The People correctly contend there is no error in having the psychiatrist present in the courtroom in advance of testifying inasmuch as exclusion of witnesses is discretionary with the Trial Judge. It is also contended that since the State was not permitted to examine the defendant (the defendant did not consent to such examination) the State could only rebut the defense testimony by producing a psychiatrist to observe the defendant on the stand. It is contended that a proper hypothetical question was put to the psychiatrist and that he answered on the basis of a competent understanding and that the defense attorney through his objections filled in the hypothetical question by reiterating all of the evidence presented by the defense.

As we have indicated, it was proper for the court to permit the psychiatrist to be present to observe *368the defendant while he testified. We can find no justification, however, for permitting the psychiatrist to observe and hear the other winesses and thereafter in his testimony to refer and characterize the testimony of such witnesses on the basis of the conclusions of the psychiatrist. In so doing, he was erroneously permitted to invade the province of the jury in some limited areas and this was accentuated by the fact that he was the final witness to testify.

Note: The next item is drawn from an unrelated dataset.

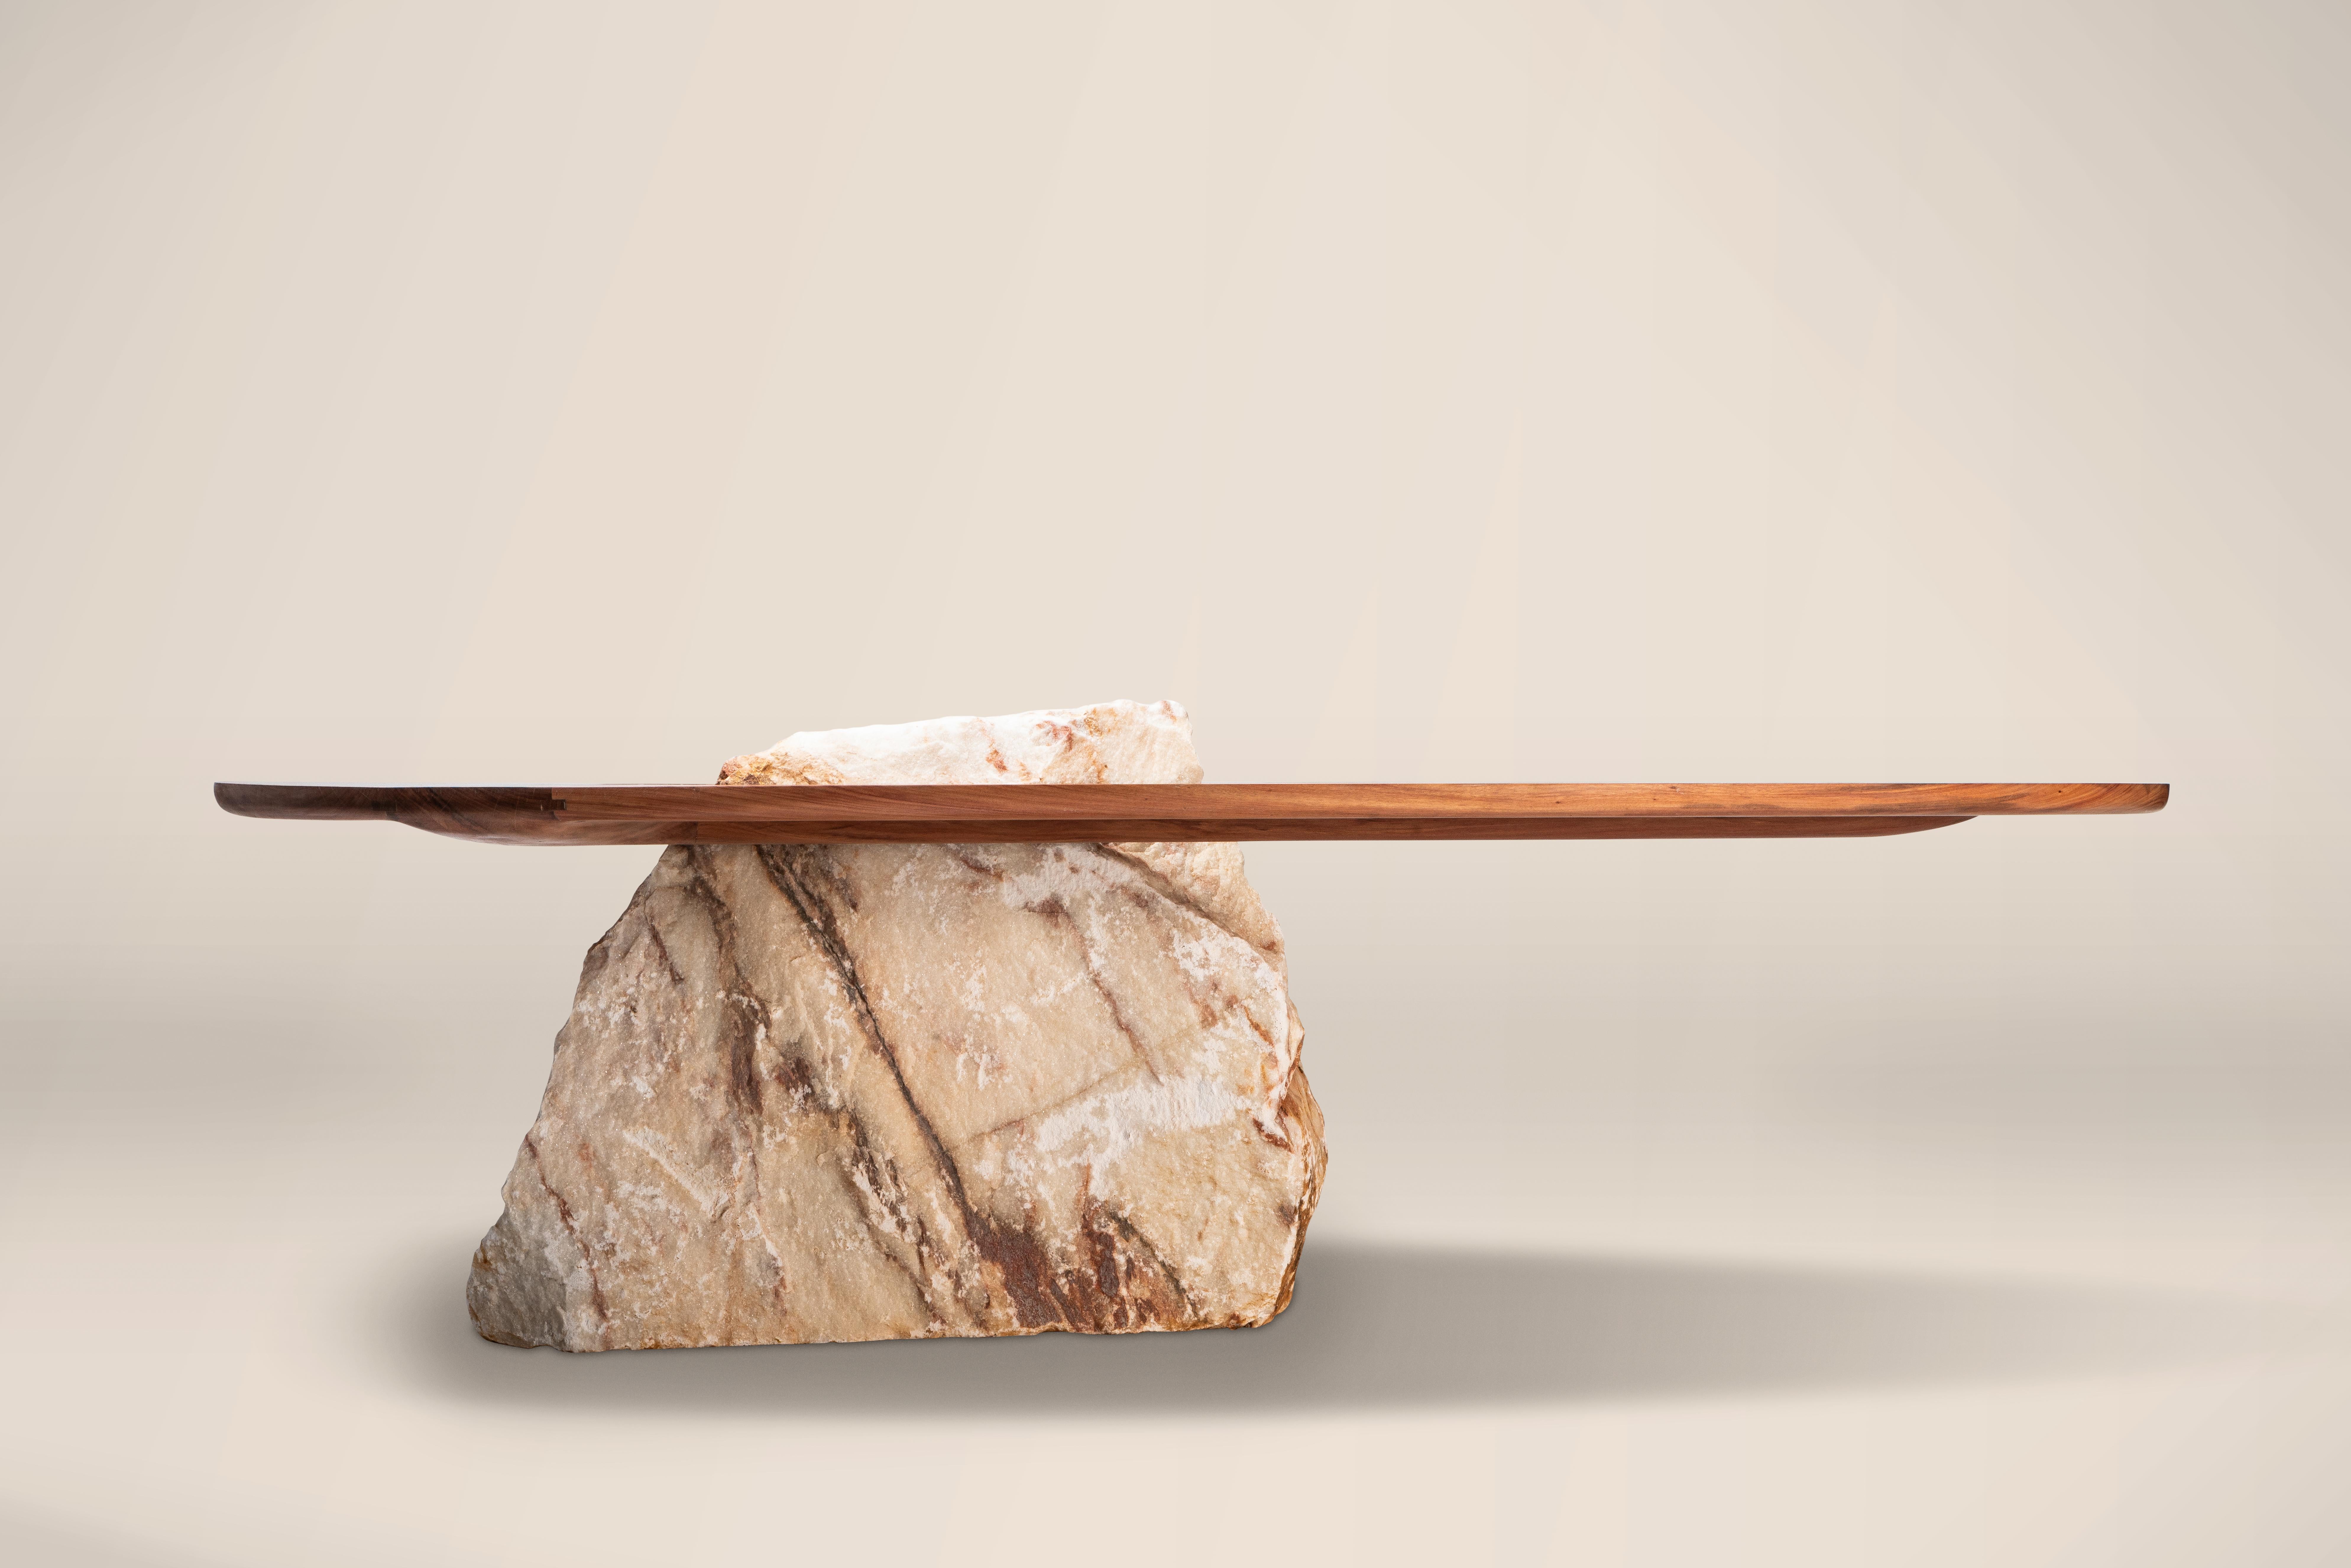 Mircea Anghel’s Pico Table Series is an ode to the volcanic island with the same name, located in the middle of the Atlantic Ocean. Pico Rosa Table is built with only two parts: one highly controlled, treated, hand shaped piece of wood; the other a

Other alleged errors were raised by defendant relating to the argument by the State’s Attorney: to the questioning of defendant’s psychiatrist with reference to testimony in unrelated criminal cases; to the injection of the issue of civil rights and riots in the trial; and in the giving and refusal of certain instructions. It is unnecessary to discuss these matters since it is unlikely that there would be a repetition of the major alleged errors asserted by defendant on a trial of this cause.

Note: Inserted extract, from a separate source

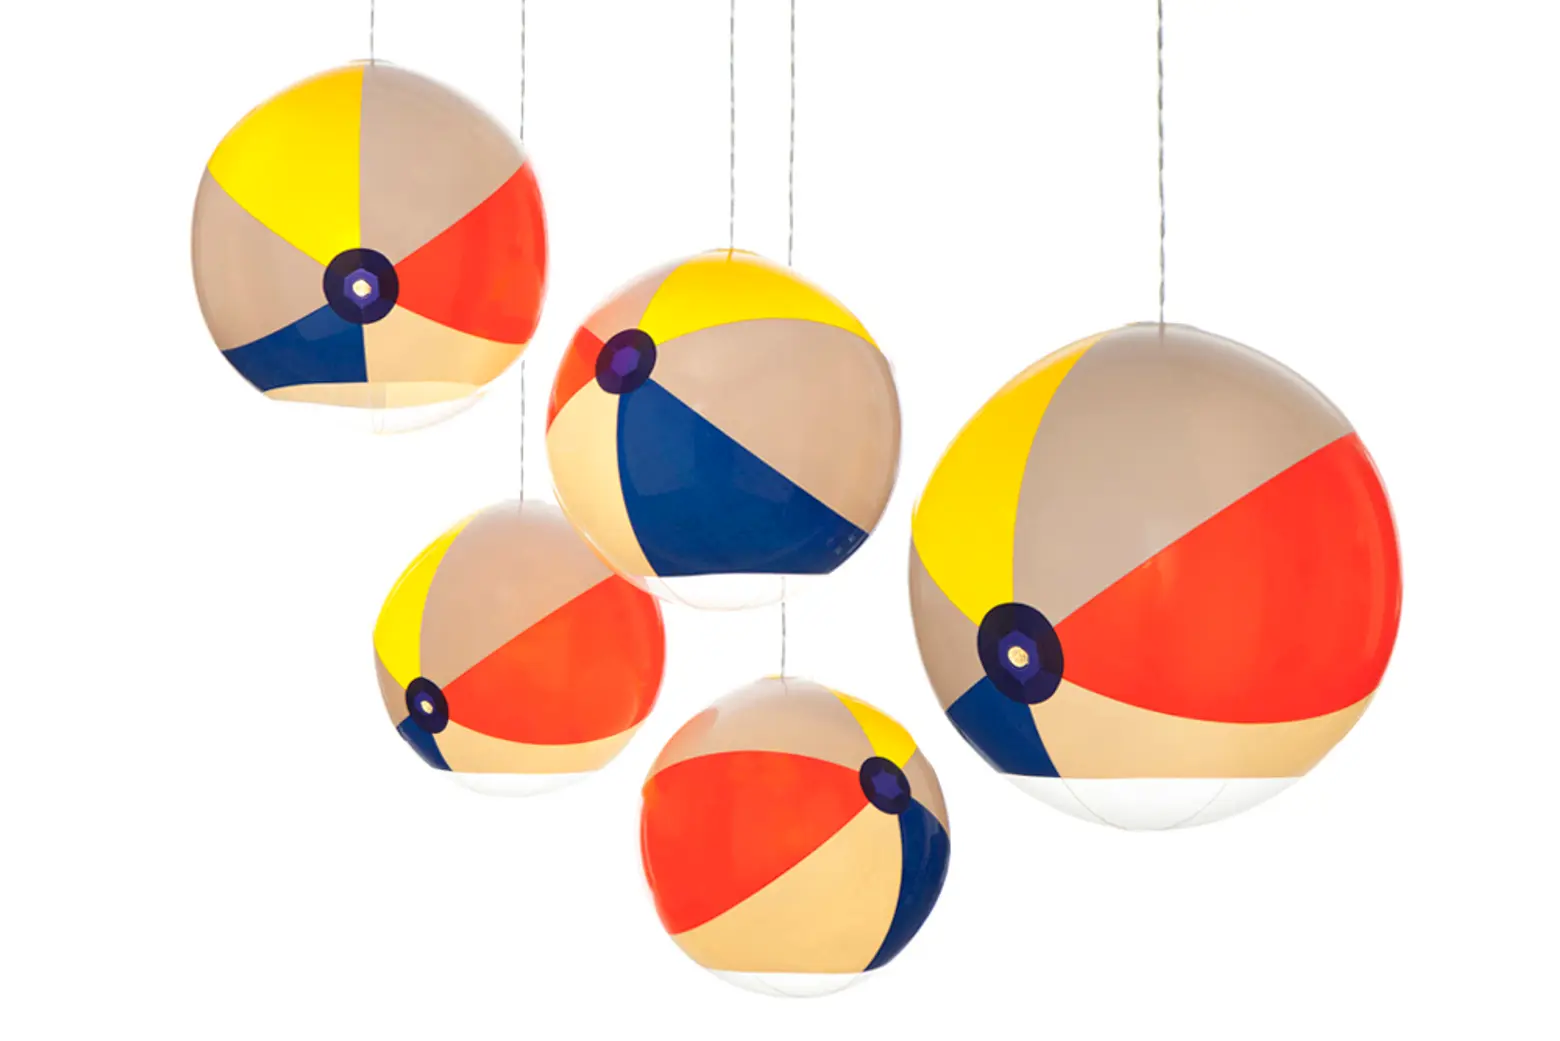 Light Up Your Home With These Summer-Ready Beach Ball Lights by Toby Sanders

It is essential that each defendant receive a fair and impartial trial regardless of the reprehensible nature of the crime which is charged. It is basic that the jury should properly determine whether defendant committed the offense charged and whether at the time he had the capacity to appreciate the criminality of his conduct. This cause will, therefore, be reversed and remanded to the Circuit Court of Rock Island County for a new trial.

Reversed and remanded.

CORYN, P. J. and STOUDER, J., concur.